I am trying to run a spatio-temporal cluster permutation using MEG data from two different conditions “B” and “C”. The permutation is being done on data from a group of subjects.
t_obs, clusters, cluster_pv, H0 = mne.stats.spatio_temporal_cluster_1samp_test(X_diff, threshold=threshold,
n_permutations=1024,
tail=0, adjacency=adjacency,
n_jobs=4, step_down_p=0,
t_power=1, out_type='indices',
verbose=True)
Where X_diff
is of shape subjects x times x freqs x channels
and is obtained from the TFR for the difference between the two conditions.
I aim to run the cluster permutation in two ways:
- Run it for each frequency band separately where within a frequency band, I average over the frequencies before running the cluster permutation.

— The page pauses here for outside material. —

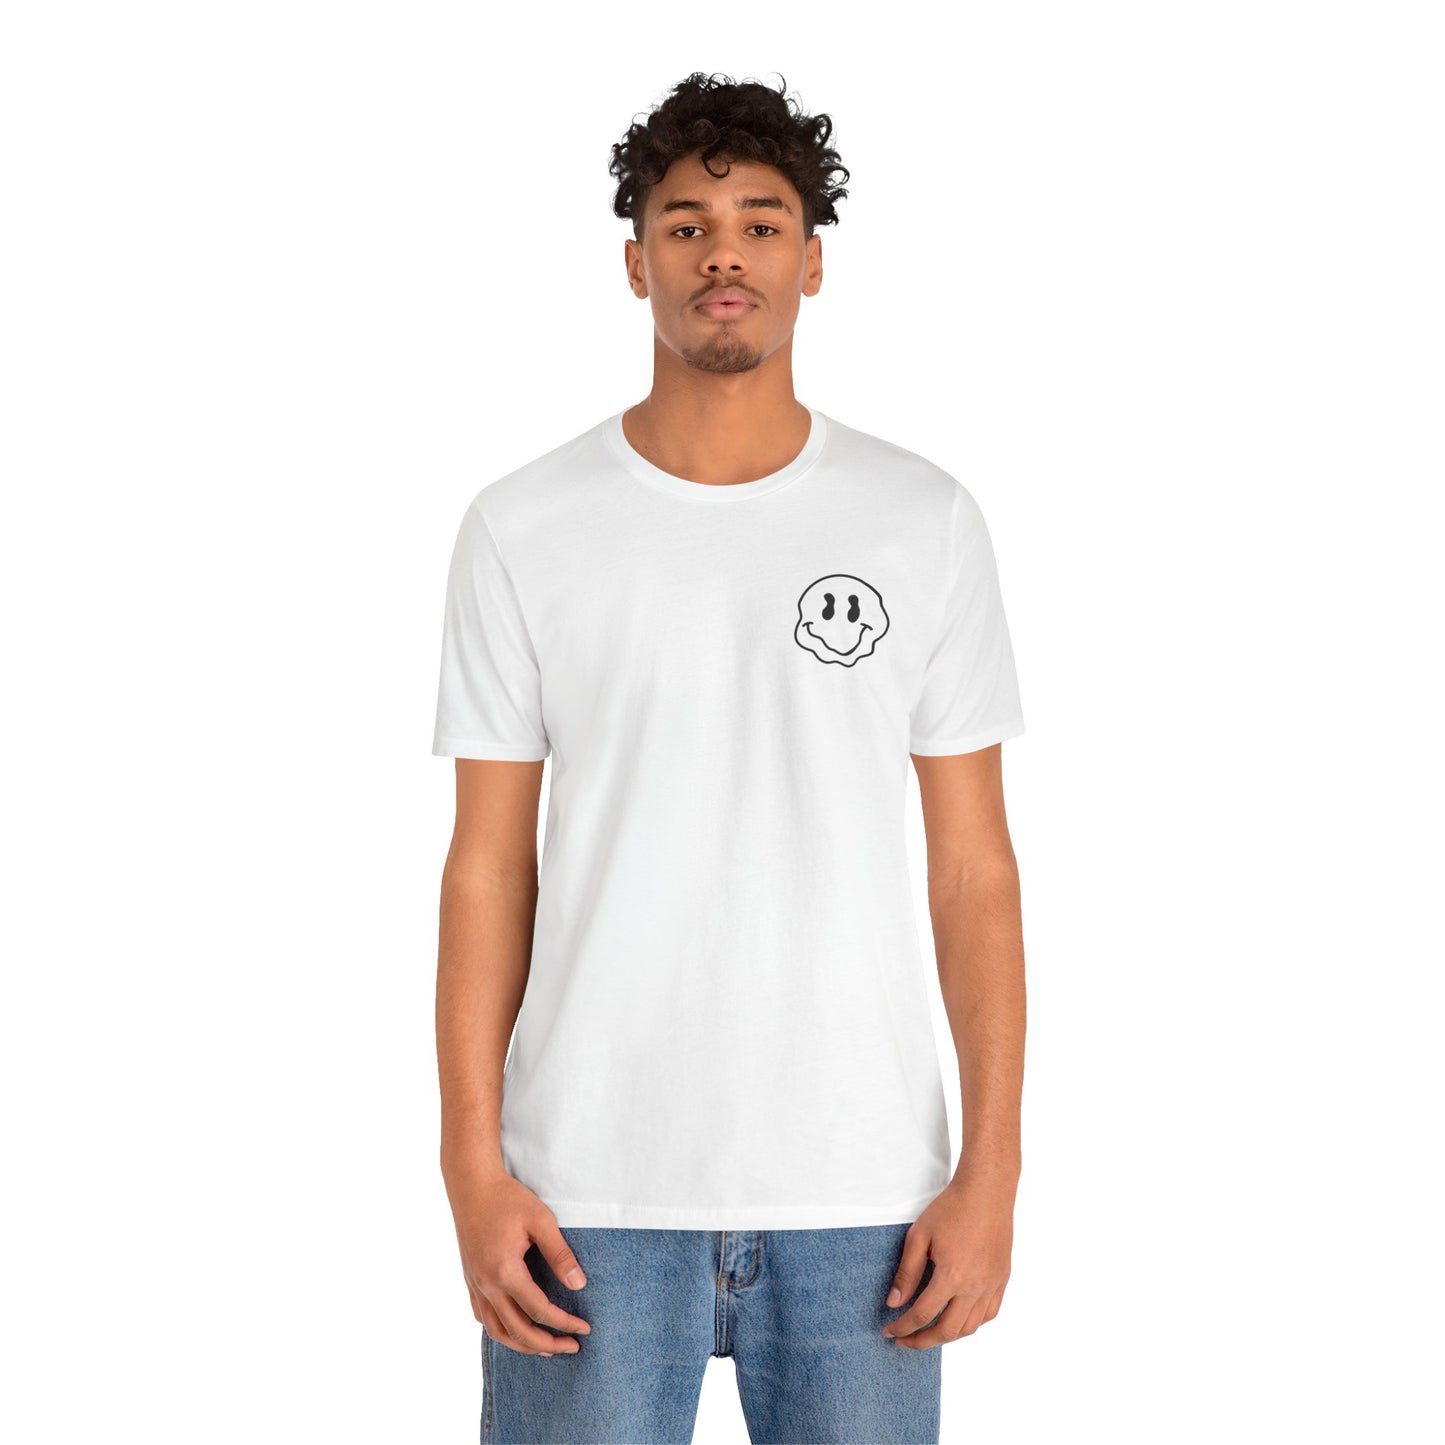 Unclench Your Jaw Short Sleeve Tee

- Run it over all frequencies in a range so that the clusters obtained from the cluster permutation also give me information about the frequencies where a significant effect is observed.
The issue I am facing is in the construction of the adjacency matrix in the latter case. Following this discussion x, I specified the adjacency in the following manner:
freq_adjacency = sparse.csr_matrix(np.zeros((89, 89)))
chan_adjacency = sparse.csr_matrix(np.ones((248, 248)))
adjacency = mne.stats.combine_adjacency(freq_adjacency, chan_adjacency)
I ran the cluster permutation and got 4 significant clusters for 4 different frequencies 7,8,9,10 Hz. I should point out that this effect is what I was also expecting to observe. However, I thought that it was strange that I was obtaining clusters per a single frequency value and I thought that this method isn’t lumping neighbouring frequencies together, so I searched around a bit more and followed this tutorial x, and tried to construct the adjacency matrix like so:
tfr_epochs = diff_TFRs[0]
epochs_power = tfr_epochs.data
sensor_adjacency, ch_names = mne.channels.find_ch_adjacency(tfr_epochs.info, "mag")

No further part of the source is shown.